I now start guessing more and more as to relations and the tree starts to look chaotic.  This last Alexander's father was perhaps William Bain and his mother  Margaret Leith

Any help or guidance is welcomed or if you want to share information and documents, that would be great

Cheers

Alistair

----------


## subadger@iinet.net.au

Hello Alastair
Jane Miller who married Alexander Bain in 1909 was my great aunt and I too haven't been able to find out what happened to her or her husband, although I think I have found a marriage for their daughter Helen in Inverness in 1952 and Helen's death there in 1999. Jane Miller's brother Murdoch moved from Wick to Inverness. so there could be a connection there. Are you relates through Helen or Elizabeth Jane?
I can tell you all about the Miller family!

Regards

Susan

----------


## IndolentFop

Hi Susan

I am related via Helen Sutherland Bain, who died in 1999.  As you say, she married John Graham Scougall in 1952 but she had had at least two children by then.  

Alexander Bain and Jane Miller had three daughters [Helen Sutherland Bain, Jane Thomson Bain and Margaret McDermaid Bain] and possibly some sons [maybe George Cecil MacKay was one of them].

I have tried to work out if they left the country [I have seen suggestions on other trees that perhaps many of the family went to the US] but I can't find any evidence for this.

I am more than happy to share what I have

Kind regards

Alistair

----------


## Rosemary Skea

I have found 2 possible matches for a death for Alexander Bain.  

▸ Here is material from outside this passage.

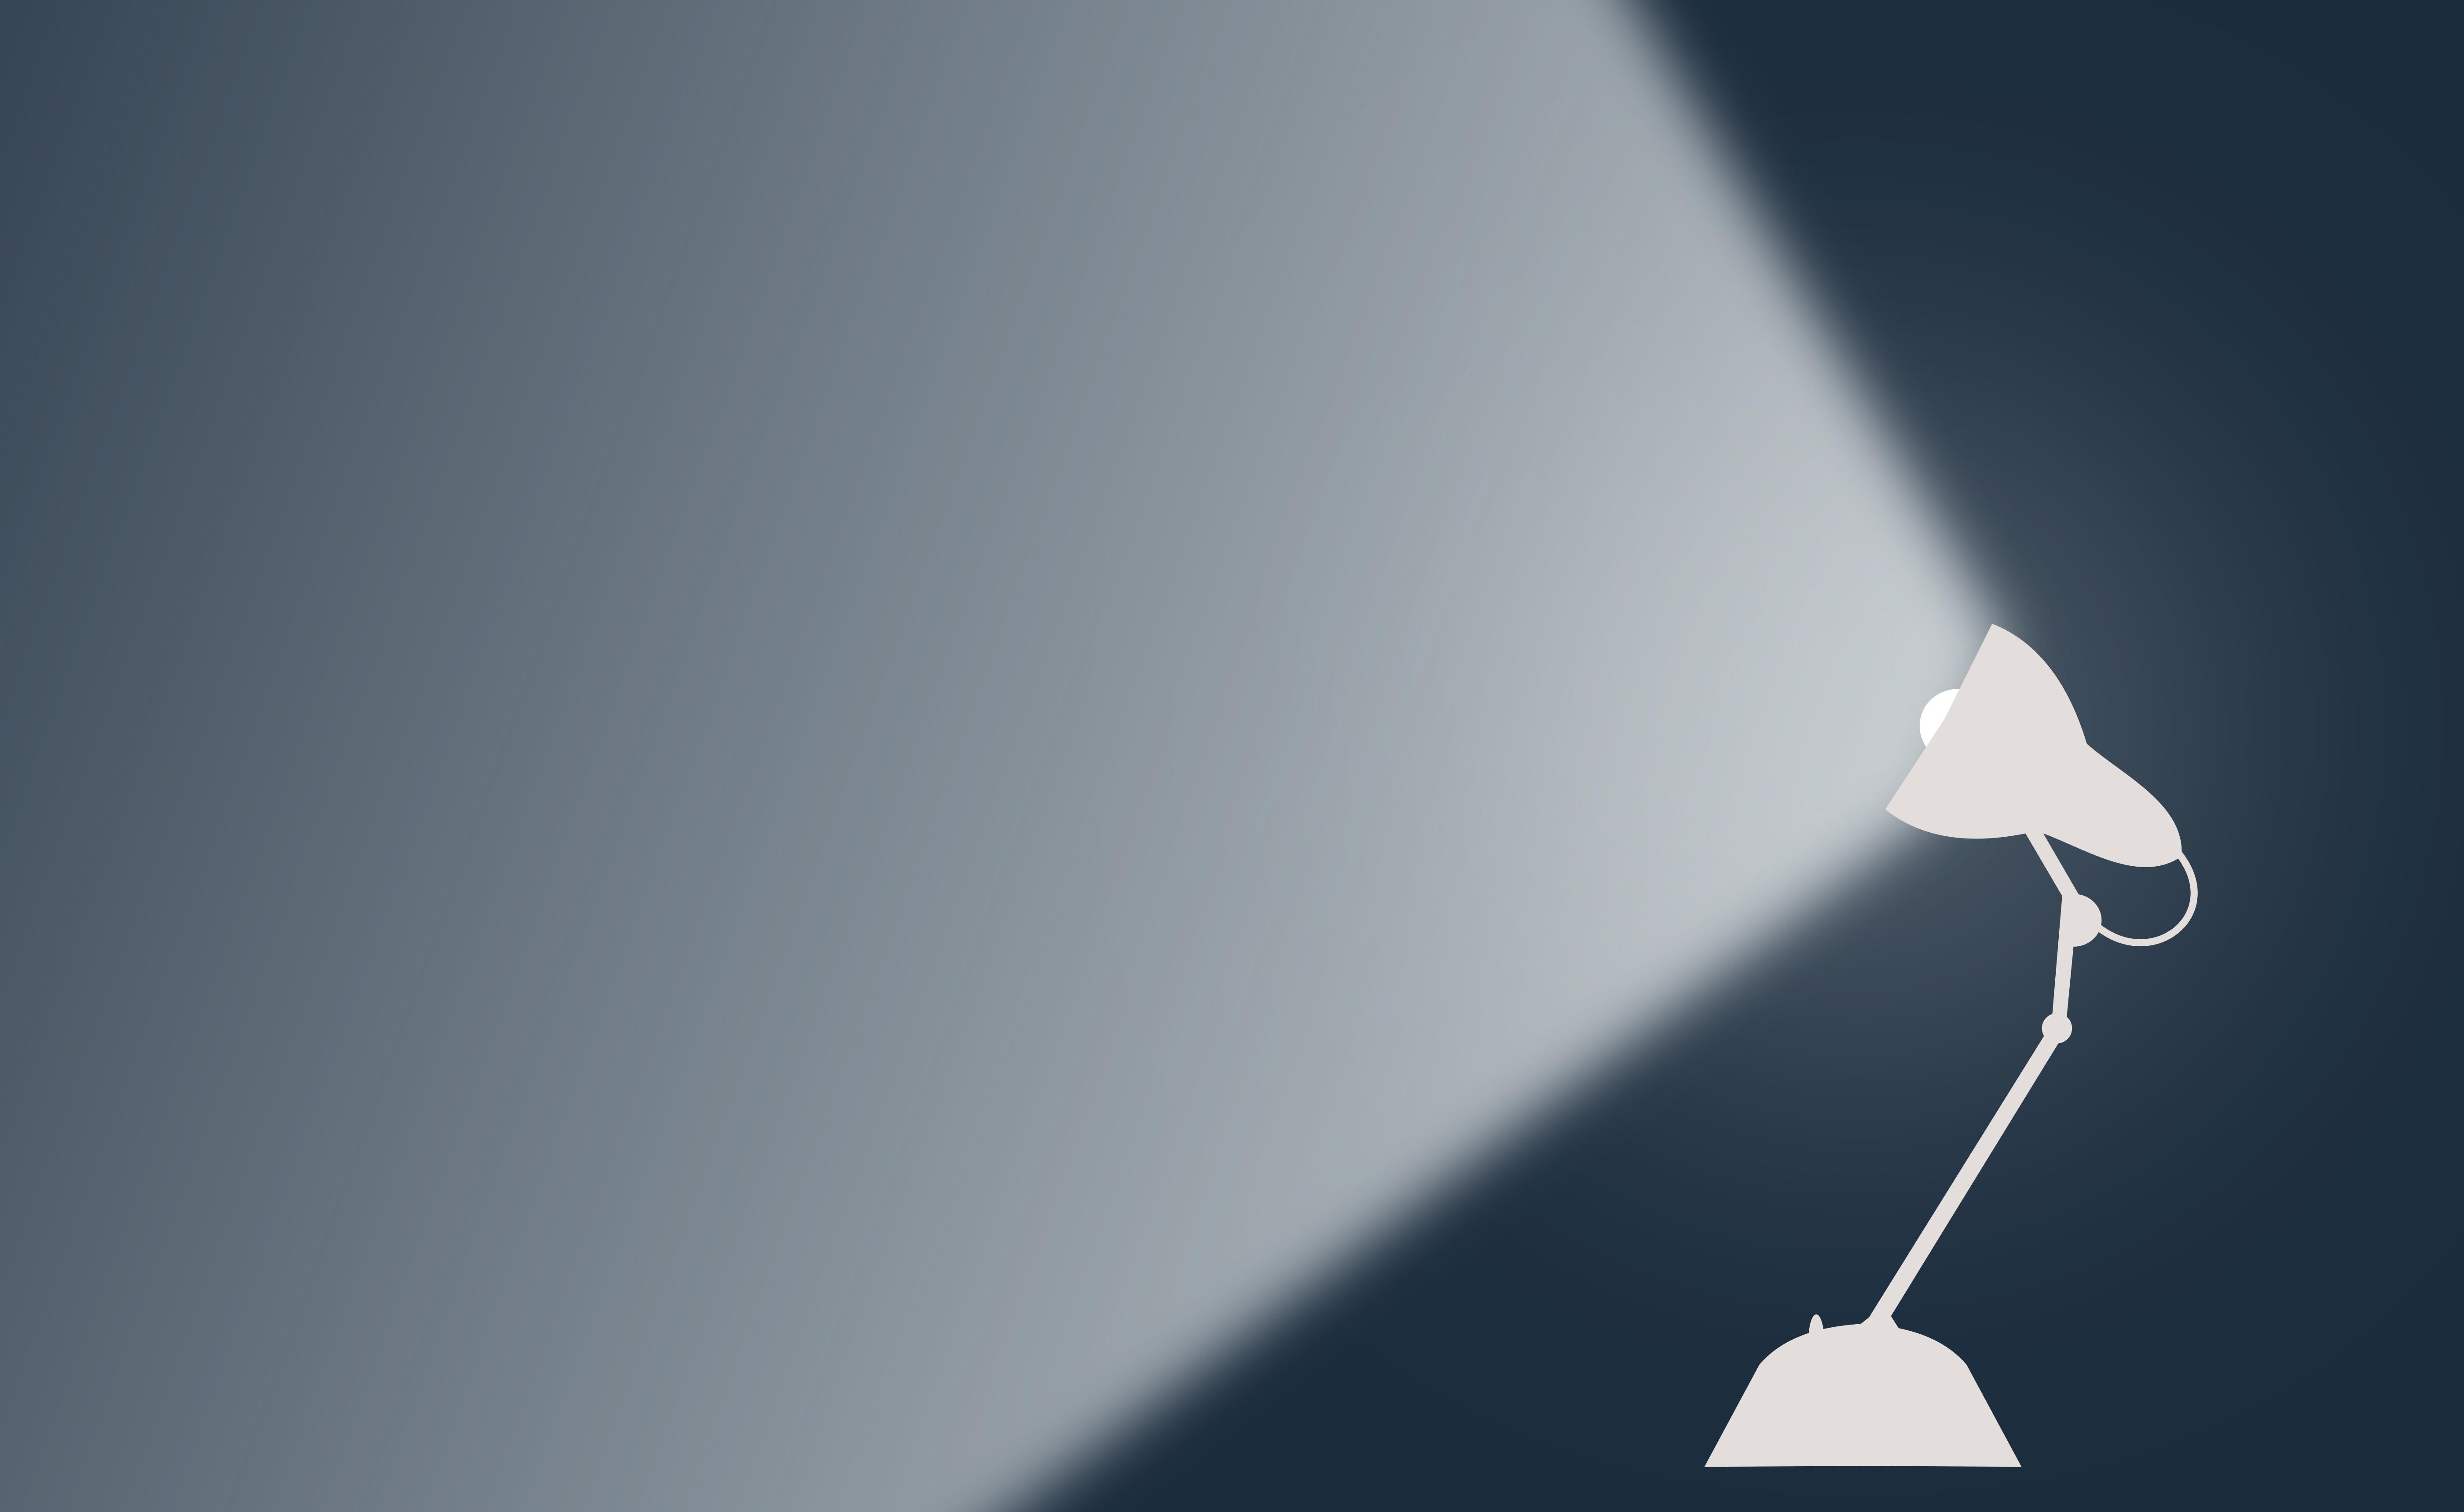 Desk lamp casting light - with copyspace photo
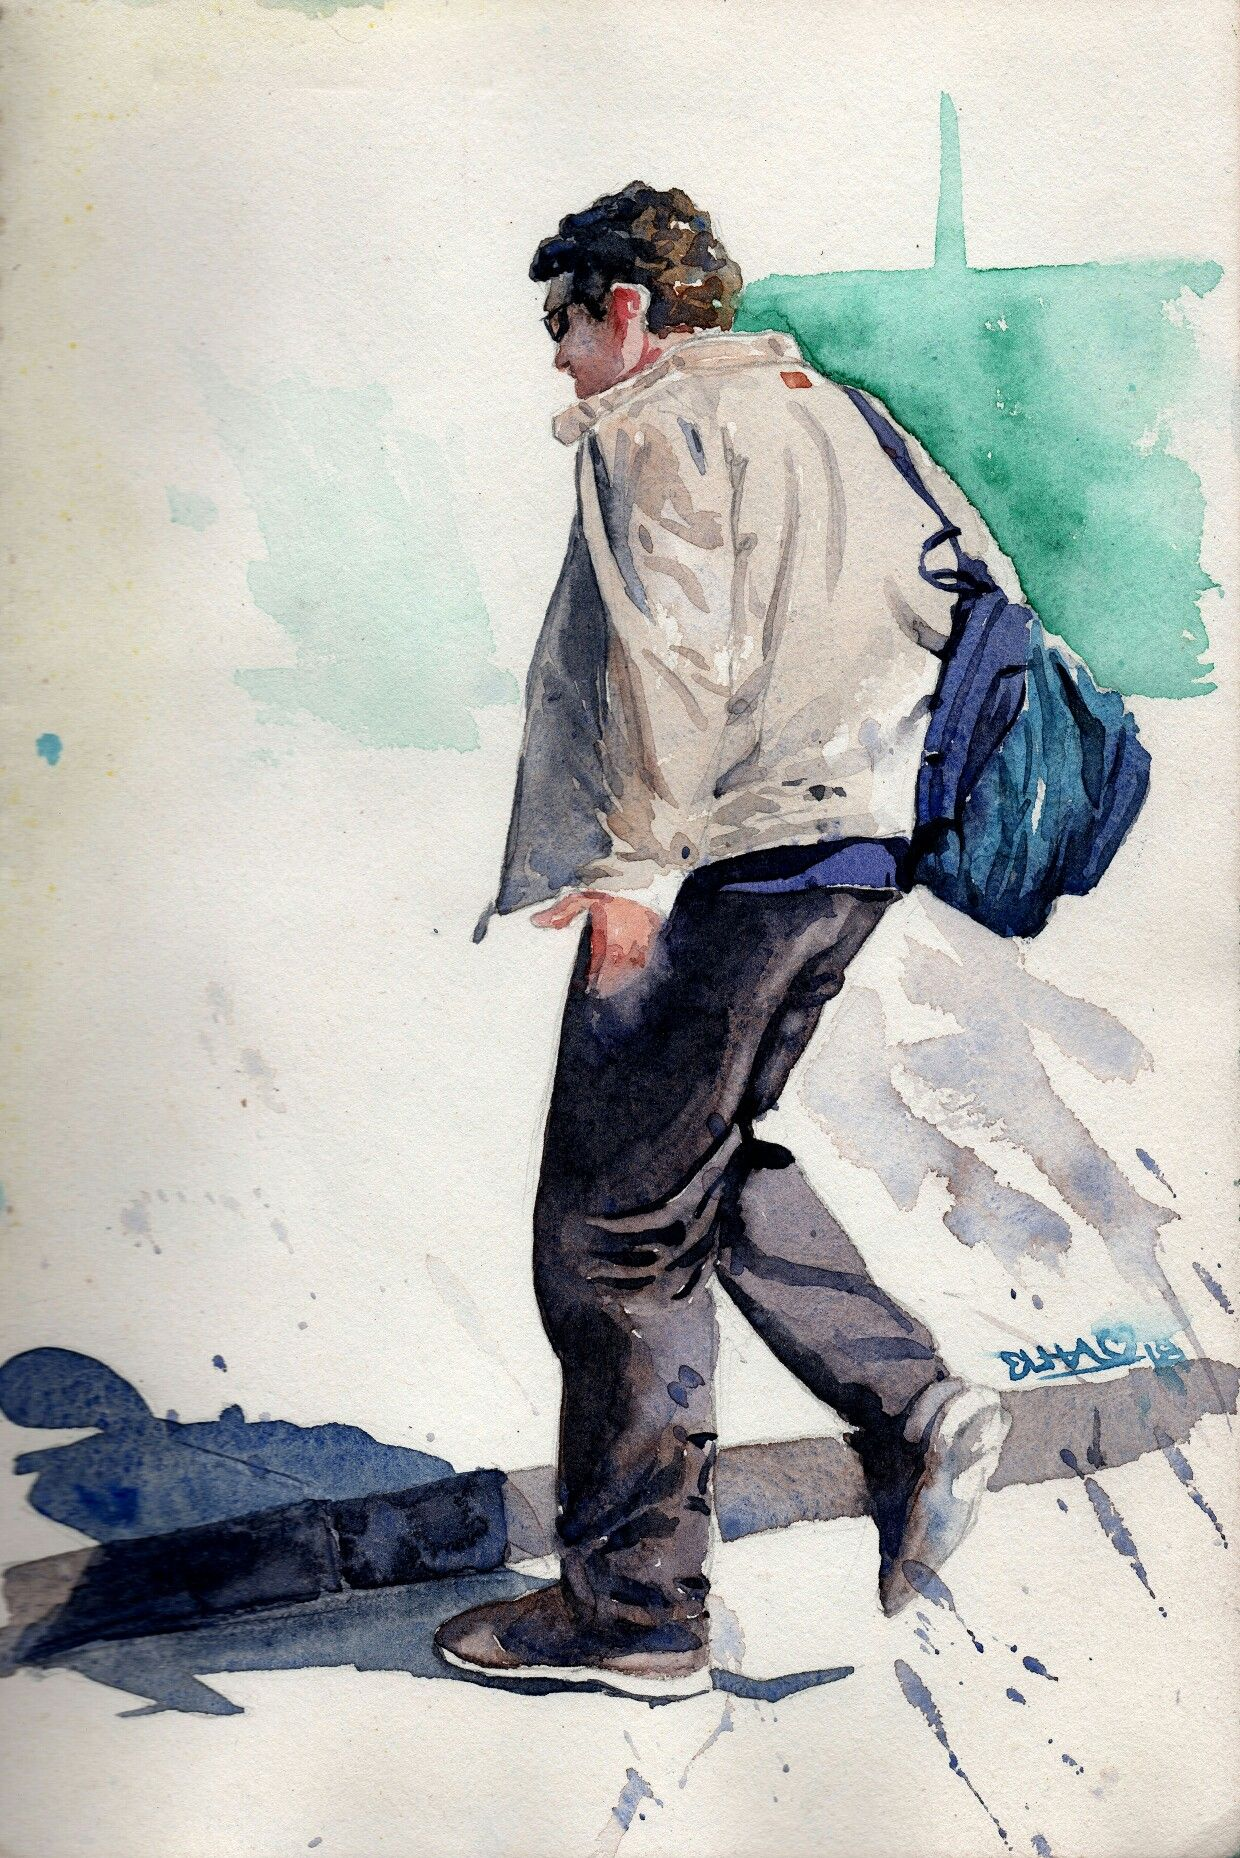 Watercolor Painting By Rajkumar Sthabathy 25 Watercolor

1892 - Alexander Bain - 60 - GROS ref 043/00 0001 and  1907 - Alexander Bain - 78 - GROS ref 043/00/0037.  If you have a copy of Hellen's death certificate, it will indicate whether she was a widow or not.  Both these deaths are in Wick parish.

I don't know if you are aware of the FREECEN web site where census data is free to view.  You will find the family in Wick in 1851,1861 and 1871 .The 1881 Wick census is not yet on line but the family is still in Wick at that time. 

Hempriggs	Bain	Alexander	head	m		49		Crofter		CAI	Watten
		Bain	Hellen		wife	m		37					CAI	Latheron
		Bain	John		son			21					CAI	Wick
		Bain	Cathrine	dau			19					CAI	Wick
		Bain	William	son			14		Scholar		CAI	Wick
		Bain	Marjory	dau			12		Scholar		CAI	Wick
		Bain	Hellen		dau			7		Scholar		CAI	Wick
		Bain	Johan		dau			7		Scholar		CAI	Wick
		Bain	Robert	son			4					CAI	Wick
		Bain	Alexander	son			1					CAI	Wick


Rosemary

----------


## IndolentFop

Dear Rosemary

Thanks ever so much for your message.  It's ever so kind of you.

I use the ScotlandsPeople website and unfortunately neither of these Alexanders are mine.

Alexander seems to be alive in 1905 when Hellen dies and when his son Alexander is married in 1909 but has disappeared by the 1911 census and I can't find any records of his death.  Perhaps he has left Scotland or his death is unrecorded for some reason.

Thanks again for your help.  It is really much appreciated.

Alistair

----------


## IndolentFop

I have learned some more.

George Cecil MacKay Bain was a son of Alexander and Jane.  He was born in 1917 in Inverness and went on to serve in the Royal Army Medical Corps.  He married Clementine Catherine Drummey in 1942 and he died on 18 April 1946 in Inverness whilst still in the army.  He is buried at Kilmonivaig Cemetery.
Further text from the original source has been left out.